Kurang dari sepuluh menit telah berlalu.

Seluruh pasukan militer Amerika yang dipersenjatai dengan perlengkapan modern terkubur di bawah kekuatan Abominasi. Teriakan manusia menggema, api berkobar tanpa kendali, sudut kota yang dahulu ramai dan damai berubah menjadi neraka di dunia.

Abominasi tampak seperti monster yang merangkak dari neraka, diciptakan untuk membunuh, telapak kakinya menginjak mobil yang gepeng, darah kental merembes keluar. Ia menundukkan kepala, menatap kedua tangannya yang menggenggam kuat, merasakan kekuatan luar biasa yang mengalir di tubuhnya, dan wajahnya yang menyerupai manusia menampilkan senyum garang penuh kegilaan dan kepuasan.
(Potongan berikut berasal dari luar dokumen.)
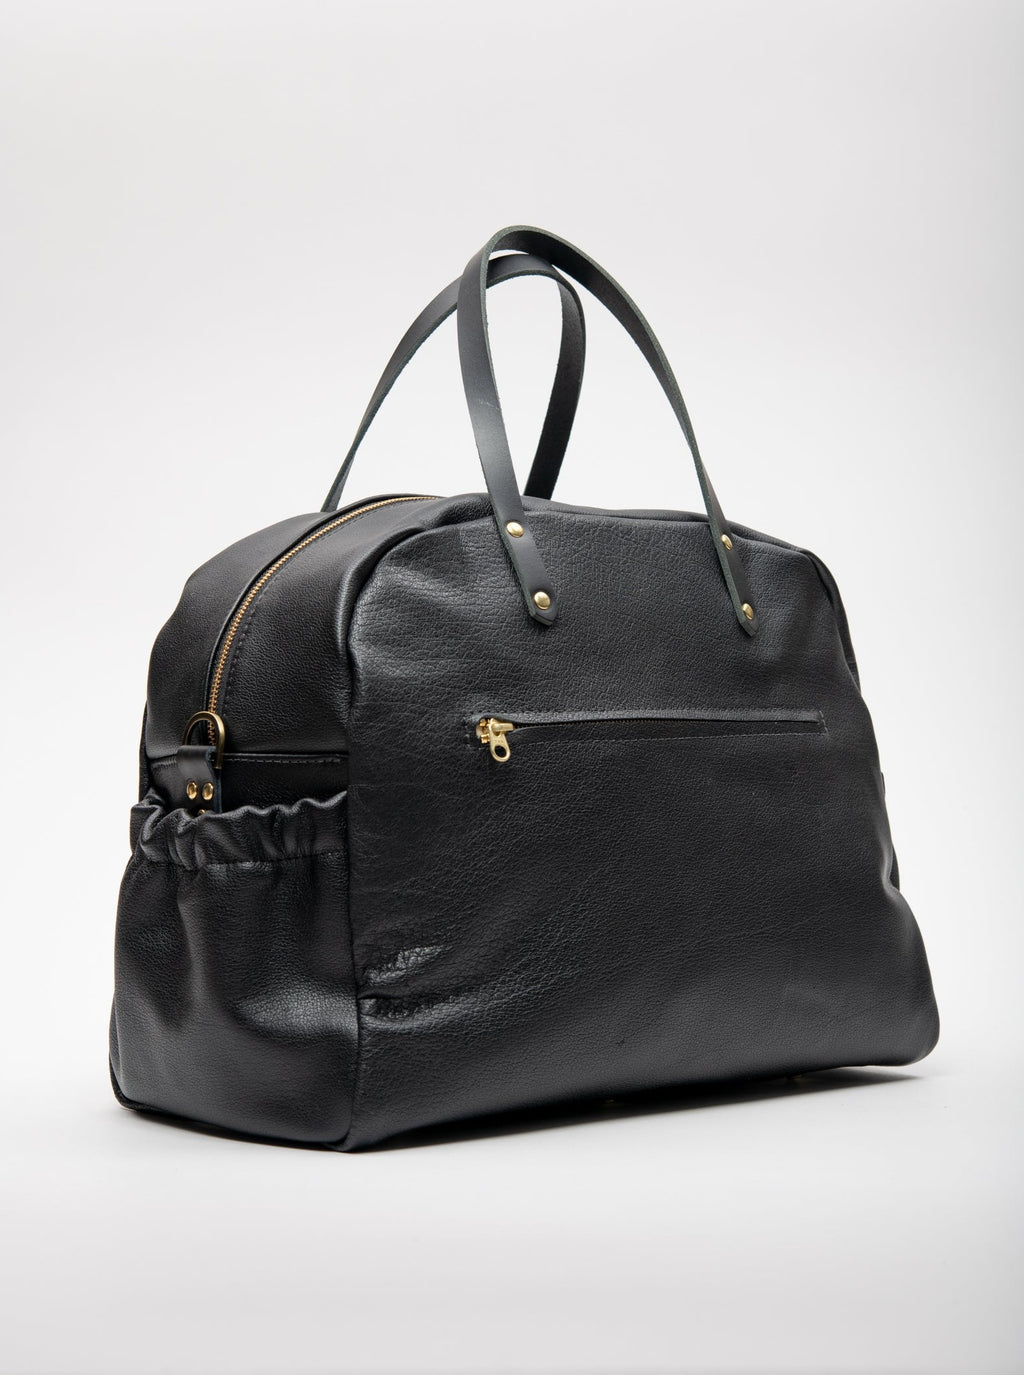 Veinage Leather travel or maternity bag multifunctional CIAO made to order, handmade in Montreal Canada

“Jangan... jangan bunuh aku...”

Senjata terjatuh ke tanah dengan suara nyaring, satu-satunya prajurit Amerika yang selamat berdiri di depan bangunan yang kini menjadi puing. Ia menatap dengan ketakutan pada rekan-rekannya yang hancur dalam sekejap, semangat dan keberaniannya seperti hancur total, kedua kakinya kehilangan kekuatan dan ia berlutut di atas tanah yang bersimbah darah.

Bersama dengan keberaniannya, seluruh kepercayaannya juga hancur.

Kemampuan luar biasa yang melampaui segala nalar dan logika membuat prajurit Amerika itu mulai meragukan, jika Tuhan memang ada, mungkin Dia pun tak mampu menghentikan monster di depan matanya!

Abominasi menyeringai pada prajurit itu, tak ada niat untuk mengampuninya, dan melangkah maju seperti malaikat maut, tanah bergetar dan merintih di bawah tapak kakinya!

Prajurit Amerika tetap berlutut tanpa bergerak, kedua tangan tak mampu menopang tubuhnya, menunggu kematian.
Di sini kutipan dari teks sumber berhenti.